Then enters the embodiment of Puritanism, represented in the peculiar dress of the Roundheads—with peaked hat, a quaint black doublet and cloak, rigidly plain, and cut in the straight fashion of the sect; black Flemish breeches, and grey hose; huge square-toed shoes, tied with coarse leather thongs; and around the waist a buff leather belt, in which he wears a sword. He comes in singing, as he walks, one of the Puritan versions, or rather perversions of the Psalms, which have so grossly marred the exquisite beauty of the original, and of which one stanza will suffice the reader:—
“Arise, oh Lord, save me, my God,
For thou my foes hast stroke,
All on the cheek-bone, and the teeth
Of wicked men hast broke.”[30]
Then standing at some distance from the altar, he rolls up his eyes, till nothing but the whites can be seen, and is exercised in prayer. With a smile of bitter contempt the genius of True Liberty proceeds:—
“See where he comes, with visage long and grim,
Whining with nasal twang his impious hymn!
See where he stands, nor bows the suppliant knee,
He apes the Publican, but acts the Pharisee—
Snatching the sword of just Jehovah's wrath,
And damning all who leave his thorny path.
Now by this wand which Hermes, with a smile,
Gave to Ulysses in the Circean isle,
I will again exert the power divine,
And change to Britons these disgusting swine.”
She waves the sprig of Moly over the head of the Puritan three or four times, who, sensible of the force of the charm, cries out:—
“Hah! what is this! strange feelings fill my heart;
Avaunt thee, tempter! I defy thy art—
Up, Israel! hasten to your tents, and smite
These sons of Belial, and th' Amalekite,—
Philistia is upon us with Goliah,
Come, call the roll from twelfth of Nehemiah,[31]
Gird up your loins and buckle on your sword,
Fight with your prayers, your powder, and the word.
How, General 'Faint-not,'[32] has your spirit sunk?
Let not God's soldier yield unto a Monk.”[33]
Then, as the charm increases, he continues in a feebler voice:
“Curse on the tempter's art! that heathenish Moly
Has in an instant changed my nature wholly;
The past, with all its triumphs, is a trance,
My legs, once taught to kneel, incline to dance,
My voice, which to some holy psalm belongs,
Is twisting round into these carnal songs.

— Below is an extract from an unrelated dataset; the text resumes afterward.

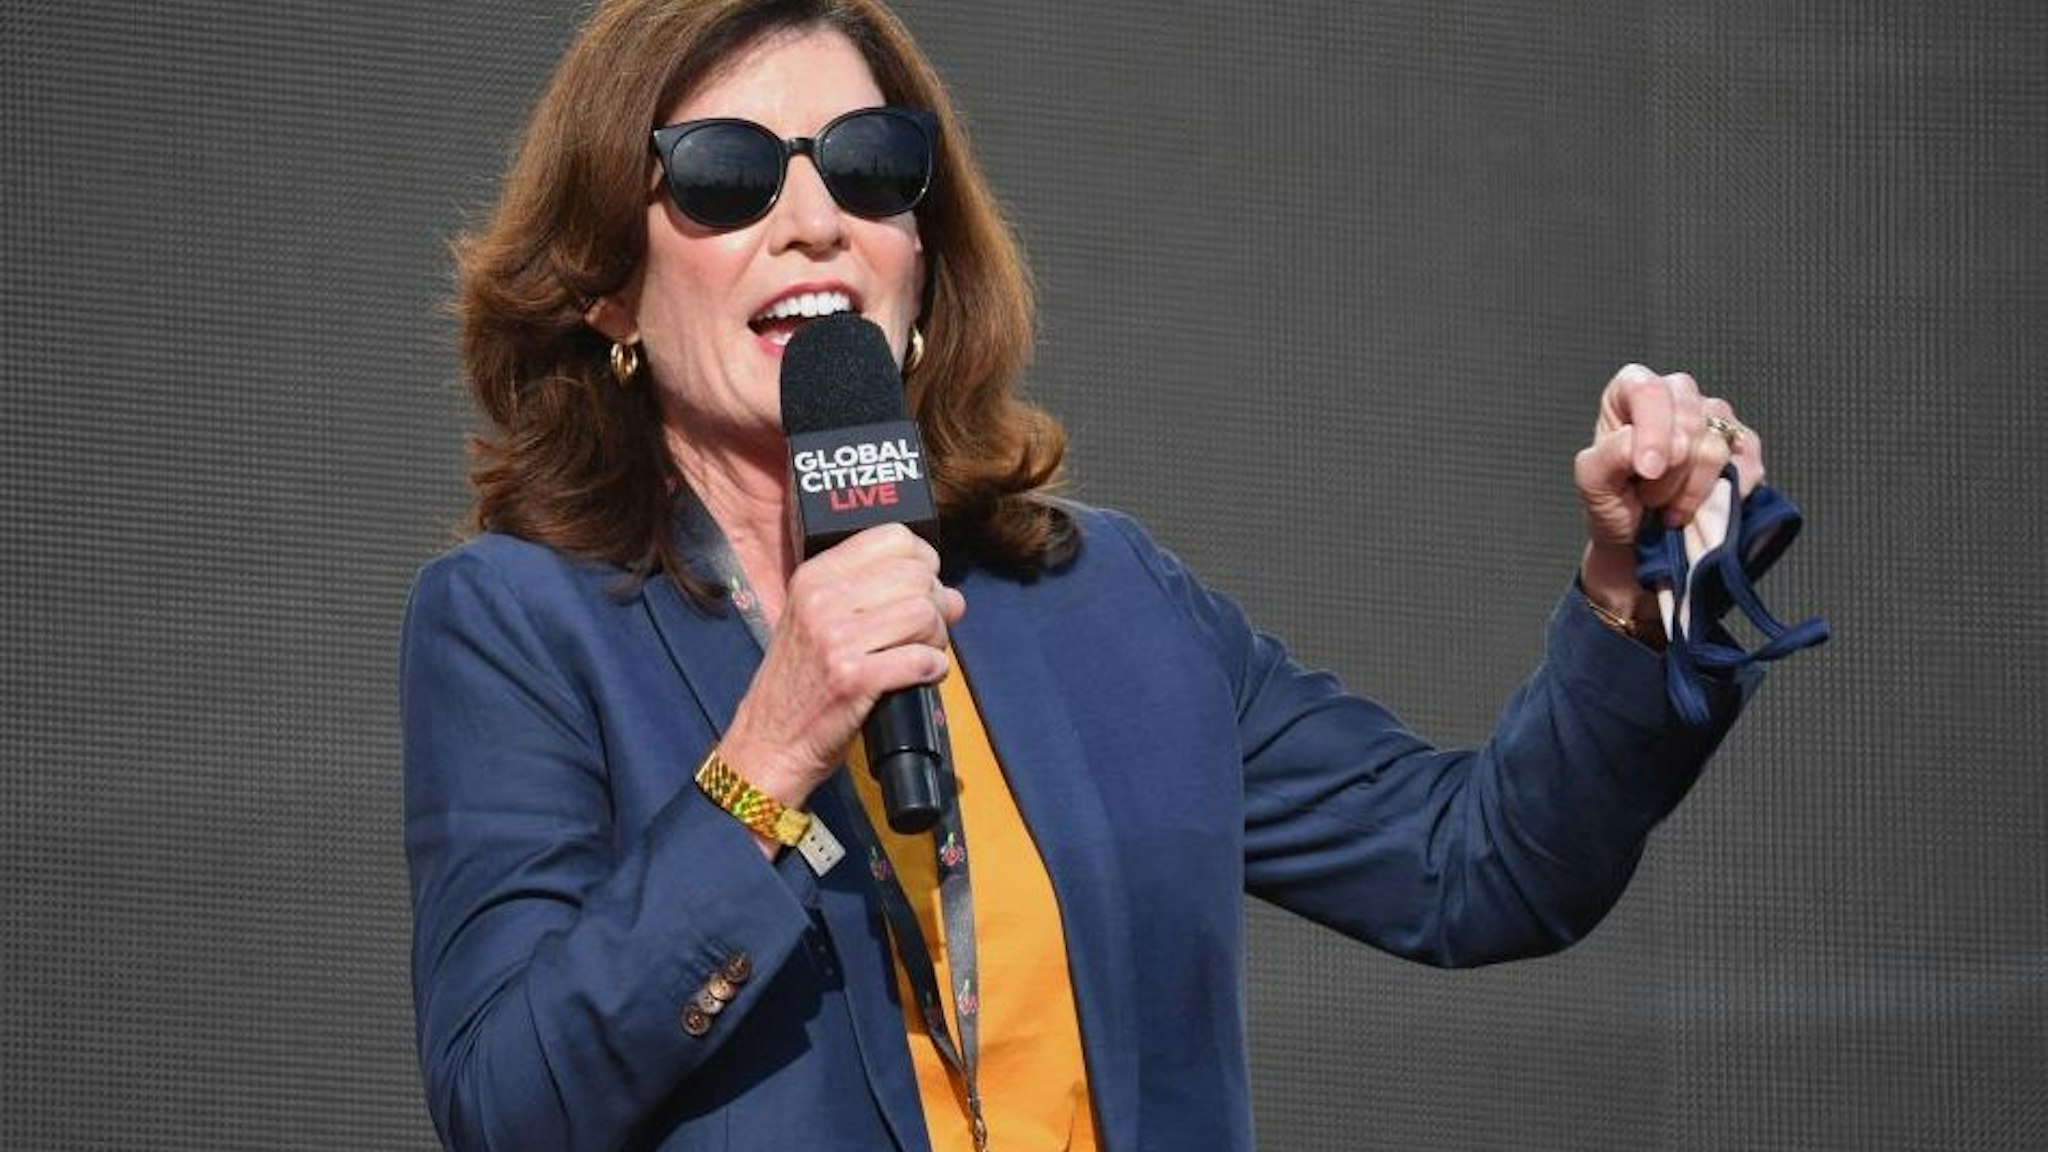 New York Governor Kathy Hochul speaks during the 2021 Global Citizen Live festival at the Great Lawn, Central Park on September 25, 2021 in New York City.

Alas! I'm lost! New thoughts my bosom swell;
Habakuk, Barebones, Cromwell, fare ye well.
Break up conventicles, I do insist,
Sing the doxology and be dismissed.”
As he finishes the last line, the heavy roll of thunder is heard, and suddenly the doors of a dungeon in the background fly open, from which emerges the impersonation of Christmas, followed by the Queen of May. Christmas is represented by a jolly, round-bellied, red-nosed, laughing old fellow, dressed in pure white. His hair is thickly powdered, and his face red with rouge. In his right hand he holds a huge mince-pie, which ever and anon he gnaws with exquisite humour, and in his left is a bowl of generous wassail, from which he drinks long and deeply. His brows are twined with misletoe and ivy, woven together in a fantastic wreath, and to his hair and different parts of his dress are attached long pendants of glass, to represent icicles. As he advances to the right of the stage, there descends from the awning above an immense number of small fragments of white paper, substitutes for snow-flakes, with which that part of the floor is soon completely covered.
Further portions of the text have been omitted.